Tweak:
Refers to the amount of weight placed on the Left Rear and Right Front tires by
adjusting the collars on the side shocks. Threading the collars IN on the right side shock
and OUT on the left side shock will place more weight on the Left Rear tire and on the
Right Front tire and will make the car push. Threading the collars OUT on the right side
shock and IN on the left side shock will place more weight on the Right Rear tire and
Left Front tire and will make the car loose. Generally the car is always set-up so that it is
“tweaked” so that the Left Rear is heavier than the Right Rear. You can check to see
how much weight is on each rear tire by using a hobby knife to pick up the rear of the
car under the center of the rear pod. The Right Rear should come off the ground about
1/8" inch before the Left Rear does. The higher the Right Rear comes off the ground
before the Left Rear does, the more tweak and more weight that is on the Left Rear.
Ride Height:
Check by pushing the chassis down once or twice to simulate bumps on
the track. Having the front end
higher
than the front will make the car increase rear
traction especially out of the turn. Having the front end
lower
than the rear end will make
the car increase front traction especially entering the turn. Generally a safe place to start
is with all corners of the car even with 1/4" ride height under the chassis. Since these
cars sit so close to the ground even 1/16" difference is drastic.
Battery Placement:
Since the battery is the single heaviest component in the car its
placement is critical. Moving the battery further to the left will make the car turn more
thru the center of the turn and coming off but will decrease forward bite. Placing the
battery closer to the center of the car will work better on low bite tracks and increase
forward bite.
Wheelbase:
Wheelbase is the distance between the front and rear axles. Mounting the
entire front end assembly in the forward position (10 3/8") will make the car more stable
on long fast tracks with flowing turns or tracks with low bite compared to the power used.

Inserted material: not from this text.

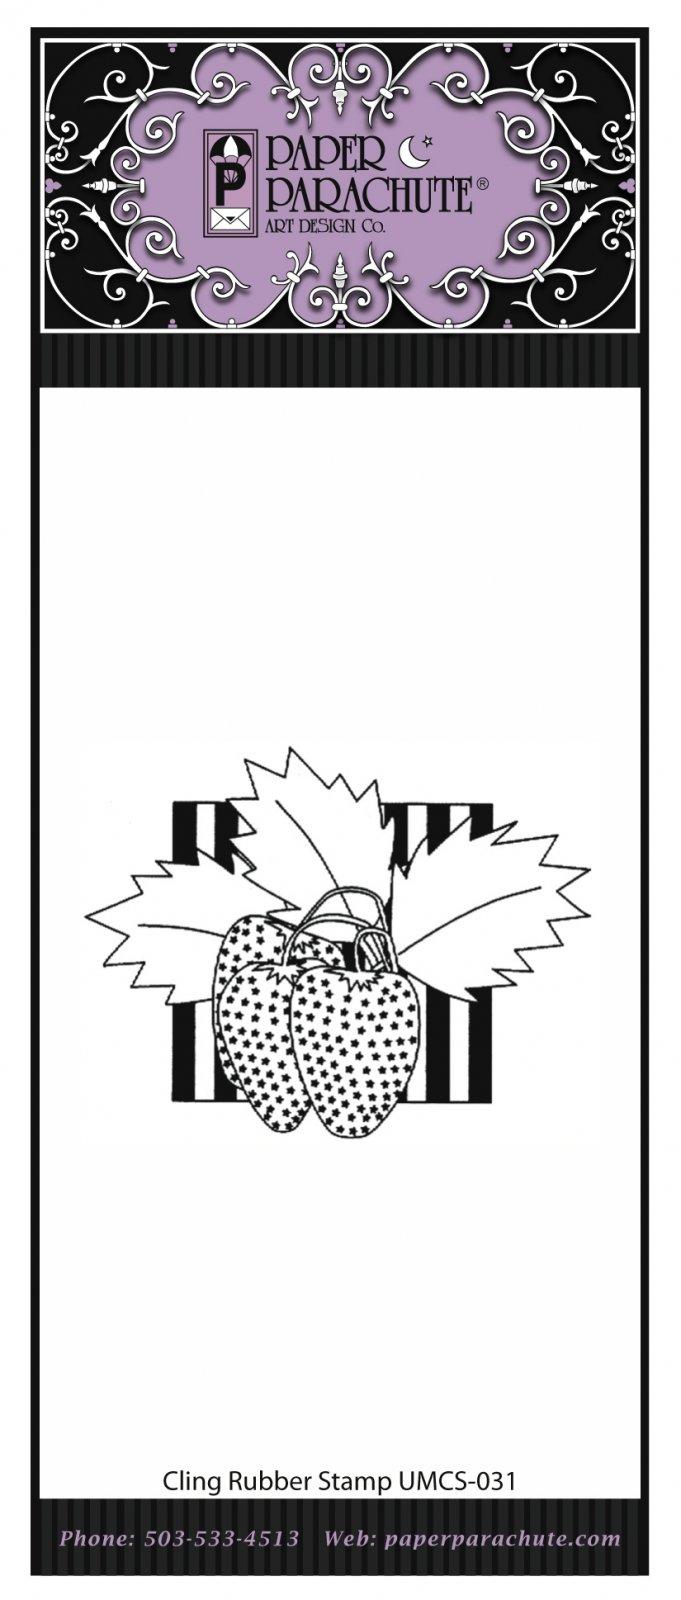 Paper Parachute Rubber Stamp - UMCS31

Running the entire front assembly in the rear most position (9 5/8") will make the car
more suitable for short tracks where you are constantly turning. Using the middle
position (10") is a happy-medium of both set-ups described.
Long Pod:
Unique to this car is the option to increase the length of the rear pod and
keep the wheelbase and body mount positions the same. Increasing the pod length
(distance from axle to t-bar) makes the center shock and t-plate effectively a lot softer
and best for severely bumpy conditions and flat tracks.
Front Track Width:
This can be viewed as the distance between the two front tires but
more accurately it is the distance from the center of the car to the individual tire. For
example moving the Right Front tire closer to the center of the car will increase the
amount of weight transferred to the tire when cornering, best used when the car is
extremely tight. Moving the Right Front away from the center of the car will decrease the
amount of weight transferred to the tire when cornering, best used when the car is
extremely loose or over aggressive to drive. Since the majority of the cars cornering
ability is done thru the Right Front tire, moving the location of the Left Front tire will not
be near as drastic but will help fine tune your set-up.